Meine Eltern waren Bäcker und Hausfrauenkunden am Sonntag gehörten lange Zeit zum Geschäft. Dann errangen sie Freiraum, sogar den Samstagnachmittag. Welche Freude über freie Zeit für Familie, Freunde und Erholung.

Bauern haben schon immer sonntags ihr Korn eingebracht, Kellner ihre Gäste bedient. Stimmt. Man kann auf Jesus verweisen, der sagte, man dürfe eine Kuh nicht ertrinken lassen, bloß weil Sabbat ist. Damit hat er nichts weiter getan, als auf Ausnahmen hinzuweisen. Wer eine Kuh um eines abstrakten Prinzips willen opfert, heiligt nicht das Prinzip.
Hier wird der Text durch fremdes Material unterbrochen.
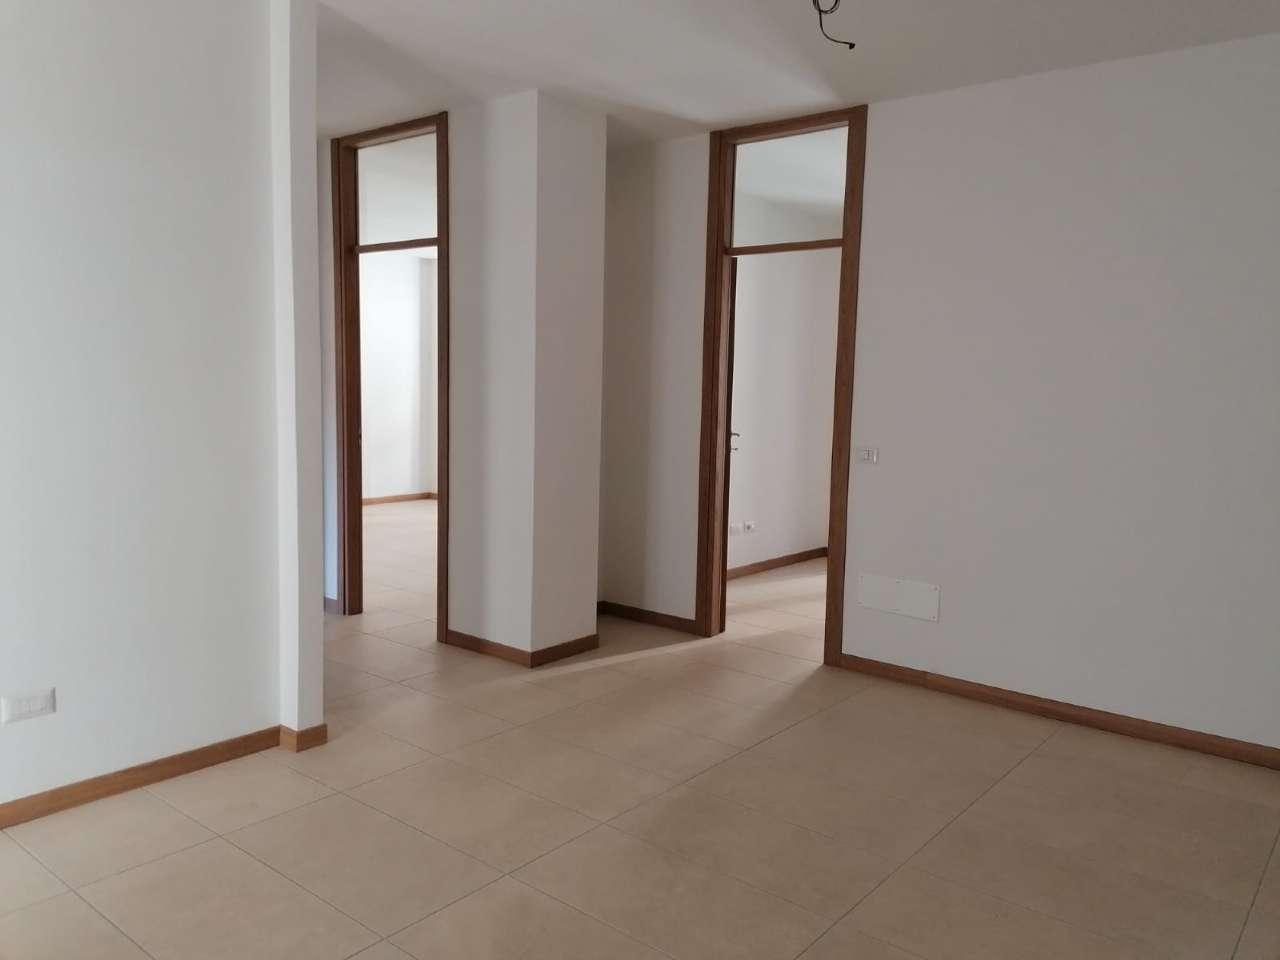 Ufficio / Studio in vendita a Sondrio, 4 locali, prezzo € 150.000 | PortaleAgenzieImmobiliari.it

Früher waren sich die Bauern der Ausnahme bewusst und gingen im Winter umso öfter in die Kirche.

Wirtschaftsfunktionäre, Unternehmensbosse und Börsenkaiser wollen die Ausnahme zur Regel machen. Schließlich gibt es Produktionsmethoden - Unterbrechungen bringen Verluste. Wenn wir nicht produzieren, sind wir die Dummen. Andere Länder handeln klüger, ihr Sonntagsbraten ist gesichert – wenn auch in der Firmenkantine. Niemand stellt sich die Frage, weshalb wir überhaupt Produktionsmethoden entwickeln, die nur durch Wertezerstörung realisierbar sind. Wir leben in einer Gesellschaft, in der nur noch zählt, was sich rechnet. Zahlen, Bilanzen, Wirtschaftsargumente beherrschen unsere Computer-Verstandes-Speicher. Werte sind so veraltet wie ratternde Rechenmaschinen. Verstaubt und antiquiert.

Der Philosoph Spaemann zitierte einmal Dürrenmatts „Besuch der alten Dame" als über den Sonntag diskutiert wurde und was es die Wirtschaft koste, sonntags die Maschinen abzuschalten. Die ökonomische Denkweise gibt den Sonntag zum Abschuss frei. Sonntag steht aber als Chiffre für vieles, was unsere Kultur ausmacht: Humanes, Recht, Soziales – und all das, wodurch Alte, Kranke, Behinderte, Familien mit Kindern oder Alleinerziehende geschützt werden. Wer den Sonntag umbringt, begeht Selbstmord auf Raten.